Répondre à l’urgence

Sur le territoire national, plus de 200 Samu sociaux de la Croix-Rouge française repèrent les personnes les plus vulnérables. Salariés et bénévoles de l’association vont à leur rencontre et instaurent un lien de confiance. Ils les informent ensuite et les orientent notamment vers les dispositifs de droit commun ou des hébergements d’urgence.

Les personnes en détresse peuvent aussi se rendre directement dans des accueils de jour pour se poser, se renseigner, être orientées vers les services adaptés à leurs besoins, accompagnées par un professionnel ou contacter les systèmes intégrés d’accueil et d’orientation (SIAO) pour obtenir un hébergement.

« En observant les réalités du terrain, on peut recenser les besoins de ces populations, précise Sami Chayata. Toute politique publique devrait se baser sur cette veille sociale pour mettre ensuite en œuvre une politique structurelle de lutte contre les exclusions, et non saisonnière».

A chacun son chemin

Les migrants suivent un parcours différent des autres pour sortir de l’exclusion. « Lorsqu’elles arrivent en France, ces populations ont beaucoup de mal à accéder aux soins, souligne Georgia Fayet, chargée de mission Migrants à la Croix-Rouge française. Or bien souvent, elles ont connu des antécédents de violence et des traumatismes psychiques ».

Ces personnes peuvent accéder à l’hébergement de manière inconditionnelle. Pour celles qui souhaitent demander l’asile, elles sont ensuite orientées vers l’une des Plateformes d’Accueil des Demandeurs d’Asile (PADA), pour monter leur dossier avec l’aide des travailleurs sociaux de l’association. En attendant la décision des instances de l’Etat, les candidats à l’asile sont hébergés dans des établissements dédiés, tels que les Centres d’Accueil de Demandeurs d’Asile (CADA). « On les épaule à tous les niveaux. S’ils obtiennent un titre de séjour, ils peuvent être orientés vers des centres provisoires d’hébergement (CPH) comme celui situé à Quétigny, en Côte-d’Or. Neuf mois durant lesquels la Croix-Rouge française les aide à s’intégrer avant de trouver un logement ».

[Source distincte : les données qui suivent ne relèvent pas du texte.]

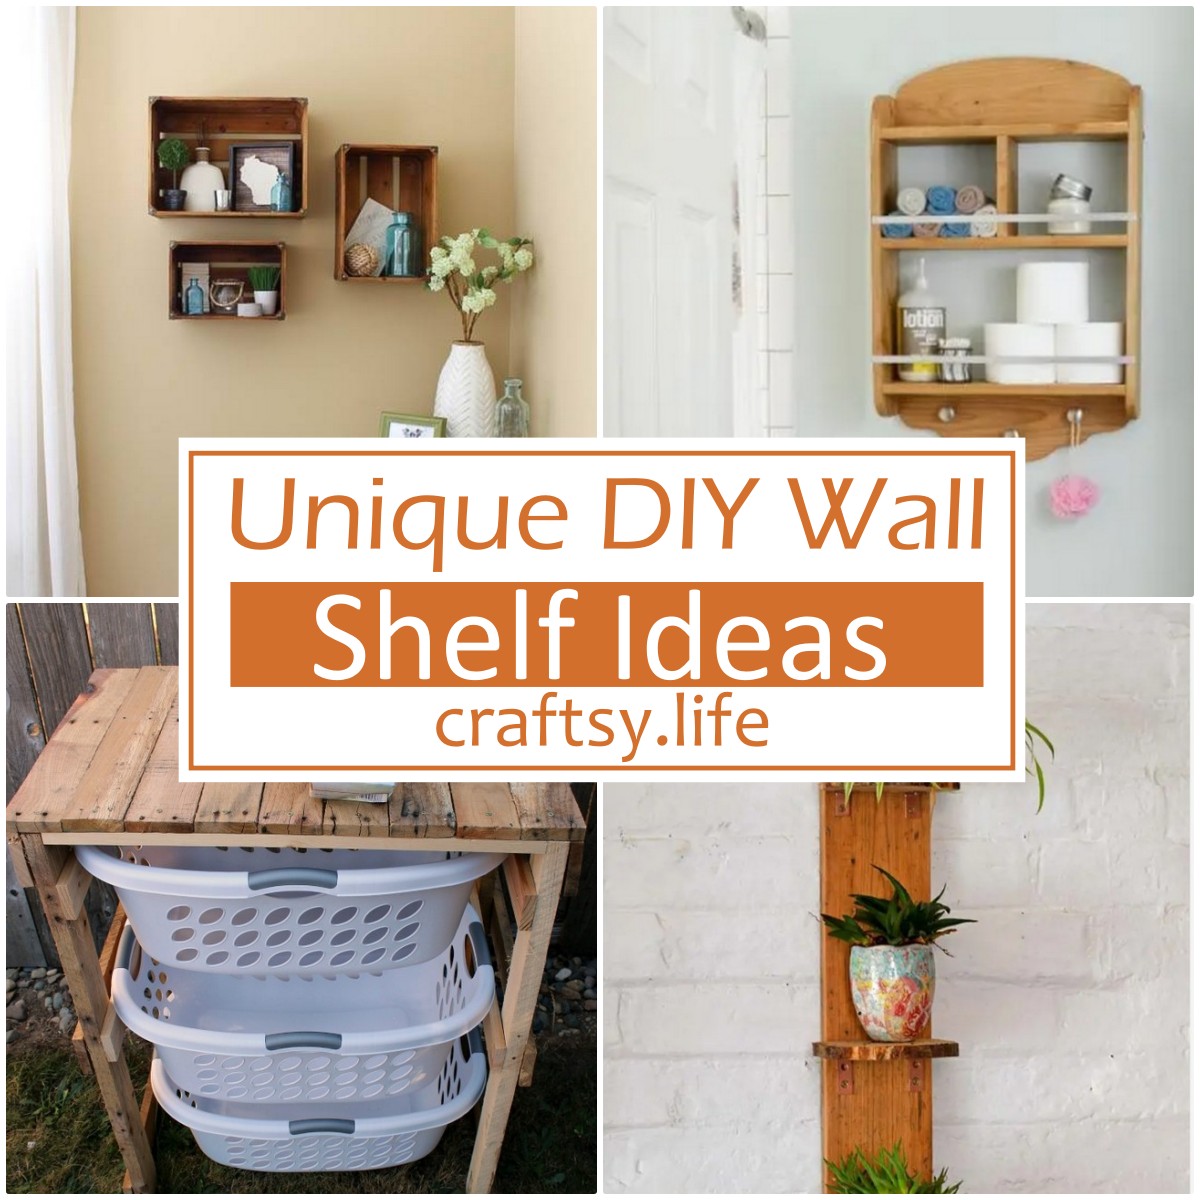 DIY Wall Shelf Ideas

Un logement d’abord, et après ?

« Pour la Croix-Rouge française, l’accès au logement devrait être le préalable à tout parcours d’insertion et non sa finalité », rappelle Sami Chayata.

La Croix-Rouge française vise une approche globale de la personne en intégrant dans l’accompagnement toutes les dimensions de la vie : il s’agit d’élaborer ensemble un projet, d’ouvrir l’accès aux droits, à l’emploi, aux activités culturelles, d’accompagner à la gestion du quotidien, etc. La liste est longue et nécessite du temps et un engagement réciproque. L’objectif ? Favoriser l’insertion sociale des publics accueillis et accompagnés.

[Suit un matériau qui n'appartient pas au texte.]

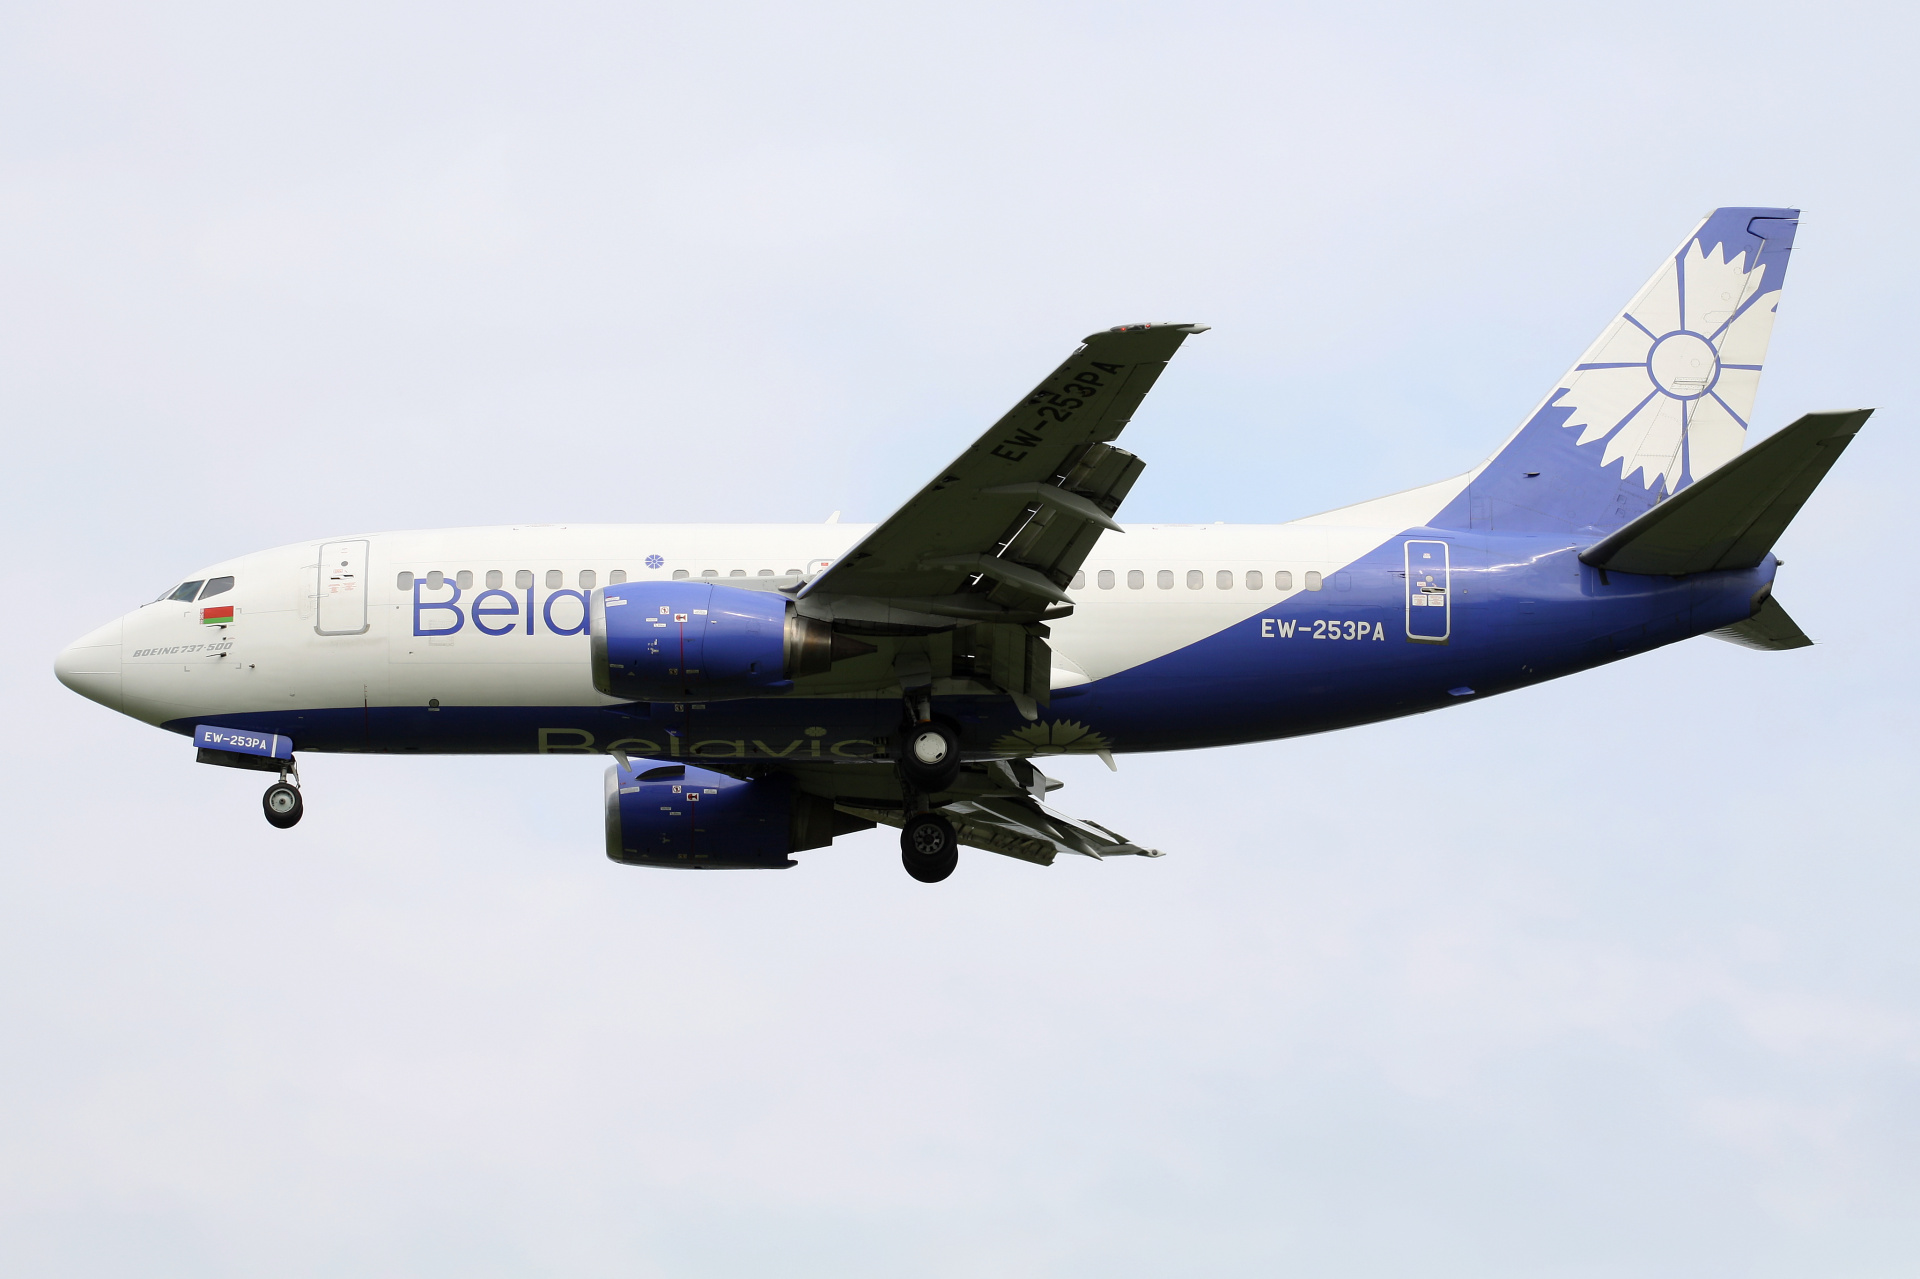 EW-253PA (Aircraft » EPWA Spotting » Boeing 737-500 » Belavia)

A la recherche d’actions innovantes

Au-delà de cet accompagnement global, la Croix-Rouge s’attache à développer de nouveaux dispositifs pour répondre au mieux aux besoins des personnes fragilisées. A Troyes, une auto-école solidaire a ainsi ouvert ses portes en 2014 pour permettre à ceux qui n’en ont pas les moyens financiers de passer leur permis de conduire. Un atout de taille pour trouver un emploi. En 2016, la structure a accueilli plus d’une centaine de candidats, dont la grande majorité a pu reprendre une activité professionnelle après avoir réussi l’examen.

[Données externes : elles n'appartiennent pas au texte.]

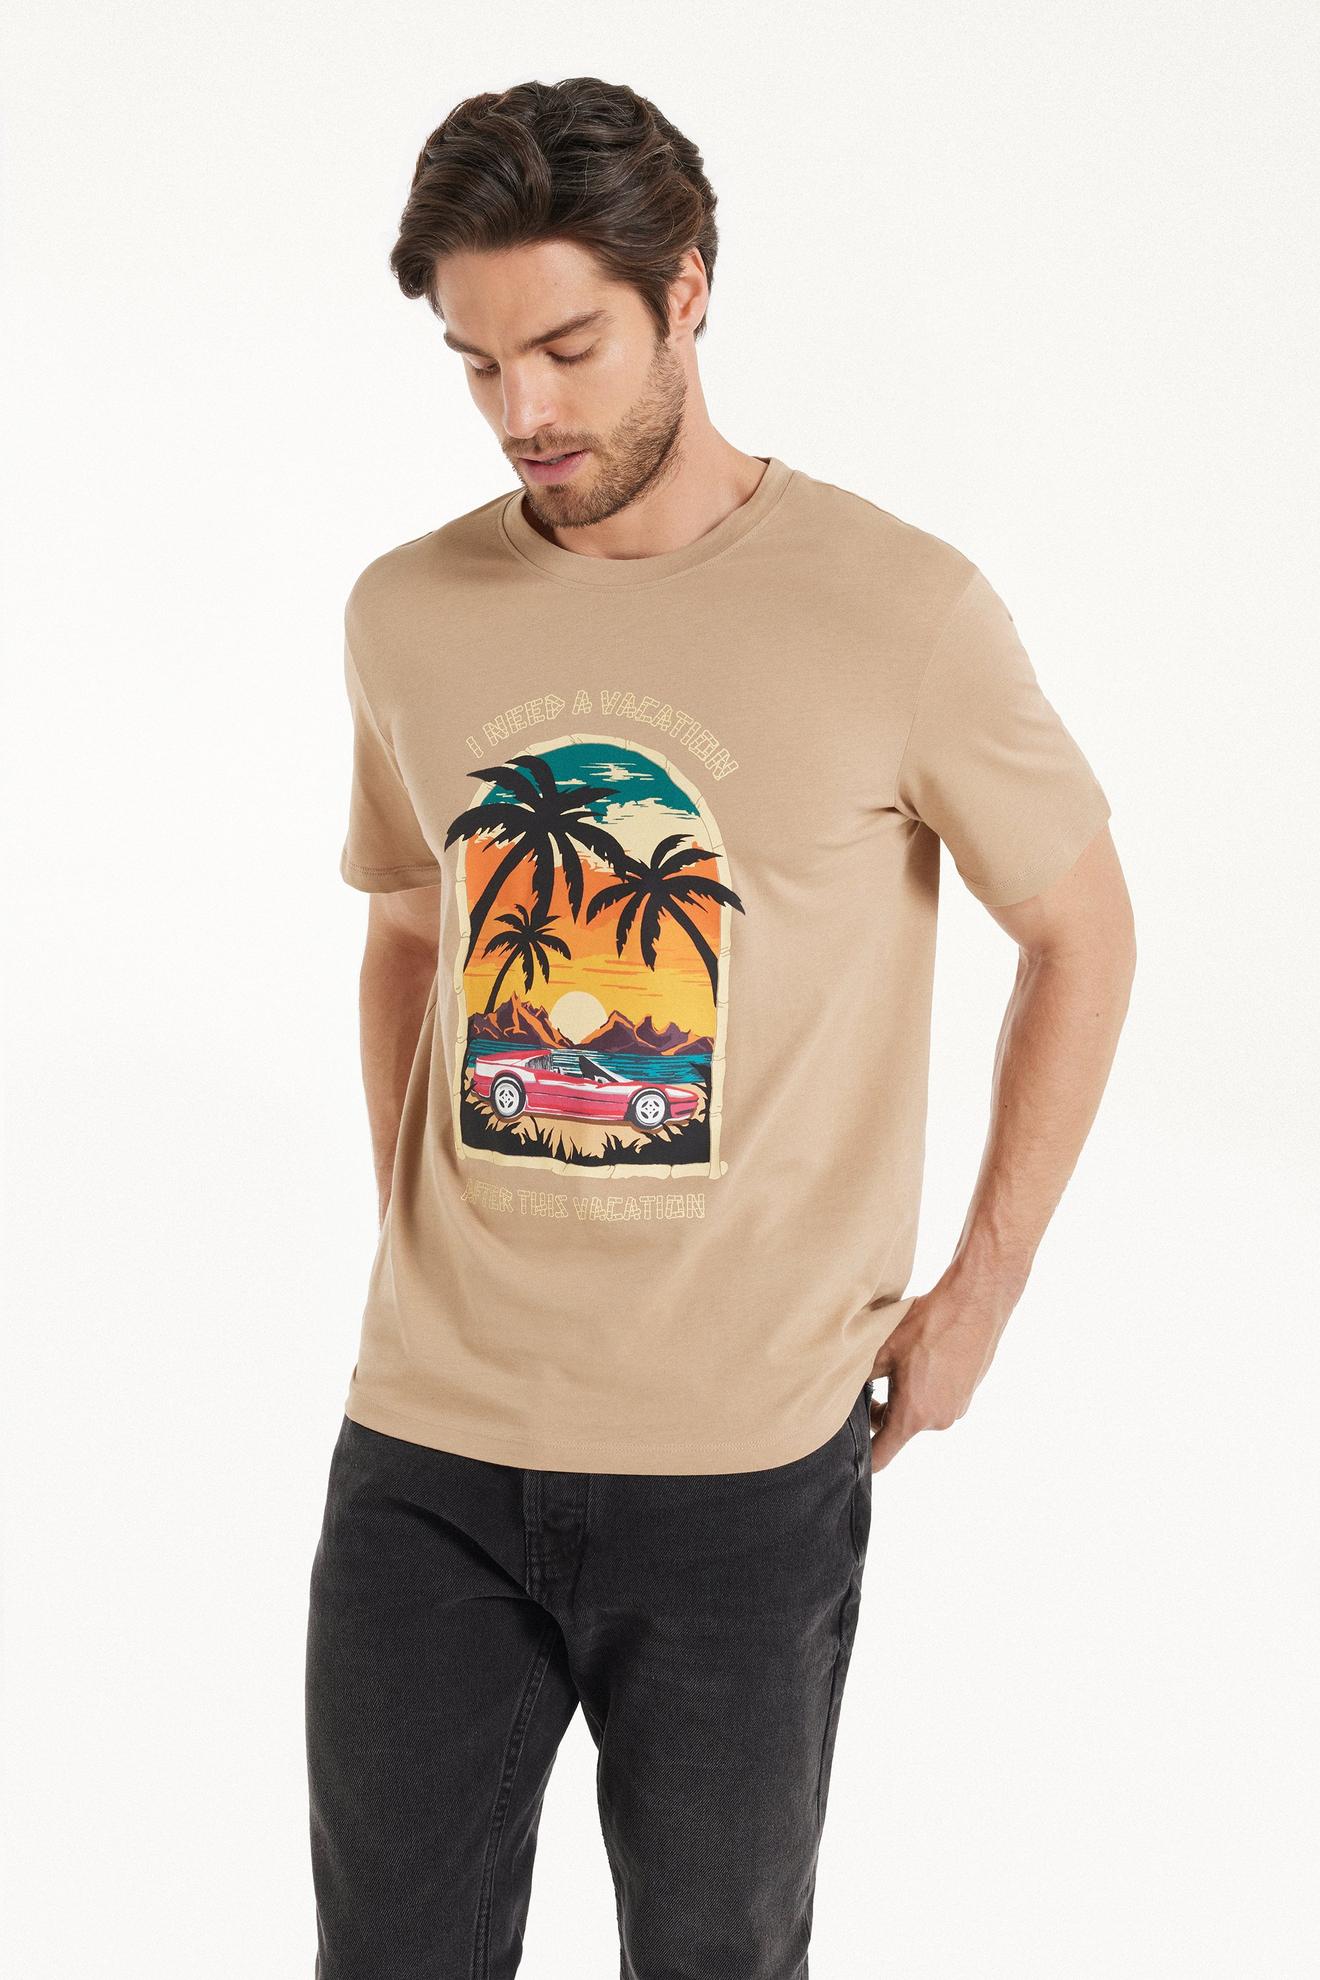 Προσφορά T-shirt Βαμβακερό με Print για 10,99€ σε Tezenis

« Recréer du lien social, c’est un travail qui se joue à différents niveaux », conclut Sami Chayata. « Sur le terrain d’abord, avec nos salariés et nos bénévoles, mais aussi en amont. On essaie de faire évoluer les représentations que l’on peut avoir des personnes vulnérables auprès de l’opinion publique et des acteurs politiques. Elles sont les mieux placées pour penser les solutions aux problèmes qui les concernent. Dommage qu’on ne les concerte pas davantage pour mettre en œuvre nos politiques publiques. La solution se trouve souvent dans la co-construction ! ».